将棋の歴史に新たな道 『赤旗・潮流』

将棋には天来の妙手と呼ばれる指し手があるらしい。誰もが予想できない、計算や理屈をこえた、ひらめき。天から降ってきたかと思われるほどの一手だと▼最年少でタイトルを得た藤井聡太・新棋聖の将棋にはそれがある。棋界のレジェンド、加藤一ニ三さんが『天才の考え方』でたたえています。渡辺明三冠に挑んだ今回の勝負のなかでもAI(人工知能)をしのぐ手を指したとして話題になりました▼いまや、この世界もAI世代が主流。藤井さんも研究のための将棋ソフトを使うそうですが、うのみにせず自分で考えて解釈しているといいます。

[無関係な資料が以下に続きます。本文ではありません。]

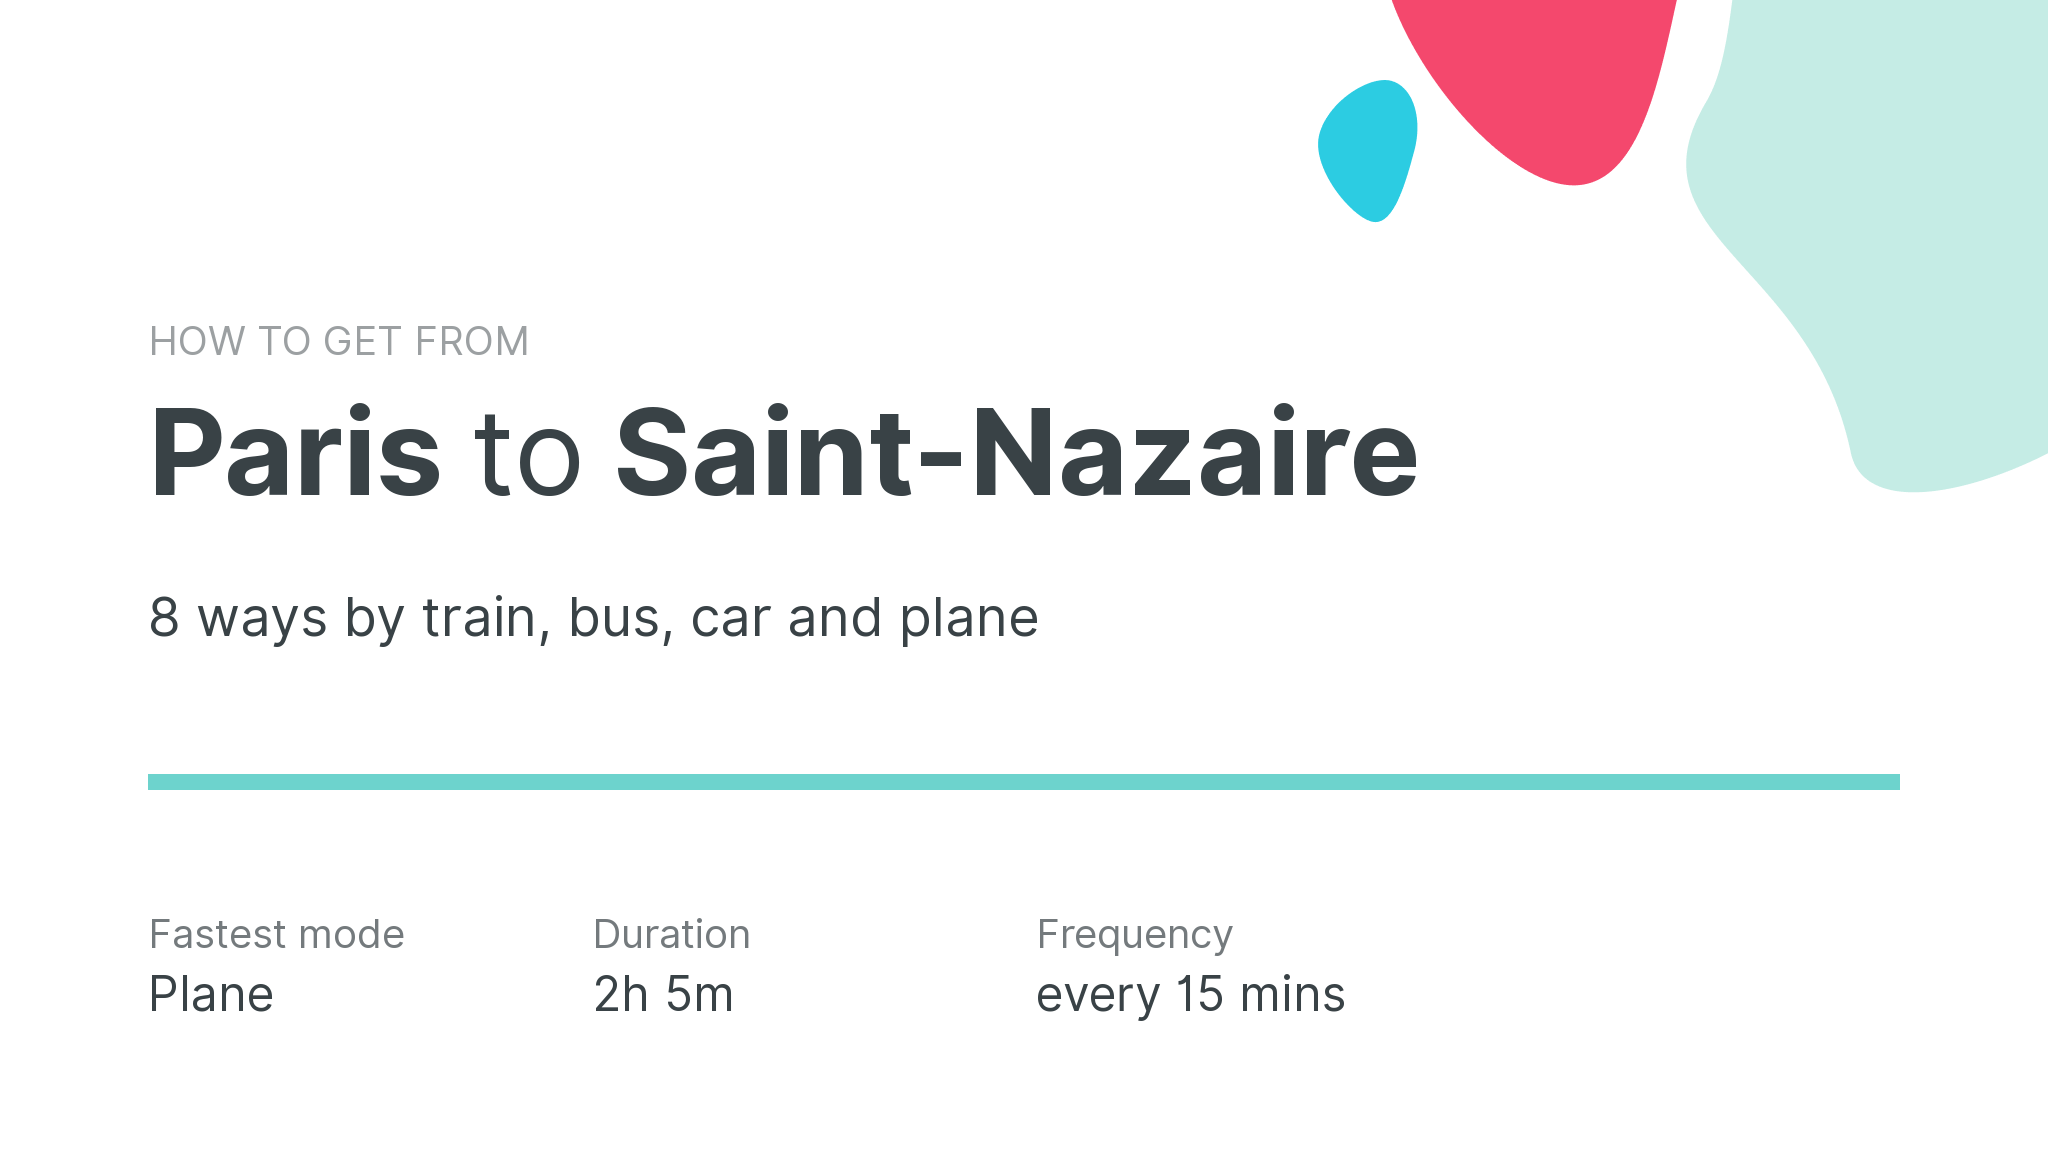 How do I get from Paris to Saint-Nazaire

トップ棋士を驚嘆させる読みの量やスピード、斬新で独創的な指し手。彼の姿に人間の秘めた可能性を感じる人は多い▼中学生プロになって以来、数々の最年少記録を更新。終盤の強さに比べ劣勢になることがあった序中盤も磨き、いまではまったくすきが見当たらないとライバルたちを嘆かせるほど成長は著しい▼研究熱心とともに感心するのが対局の態度です。誰よりも深く長く頭を下げ、負けを告げるときは潔く、勝っても相手への敬意を忘れない。棋聖となっても「より精進したい」と口にする謙虚さは、真摯(しんし)に将棋と向き合う表れなのかもしれません▼一夜明けた記者会見。まだあどけなさが残る笑顔で掲げた色紙には「探究」と書かれていました。あすは18歳の誕生日。将棋が好きでつねに研さんを怠らない。その情熱があるかぎり、長い将棋の歴史に新たな道が切り開けるはずです。{2020・7・18) 【今日の出来事】1925年ヒトラー『わが闘争』発表 1936年ス…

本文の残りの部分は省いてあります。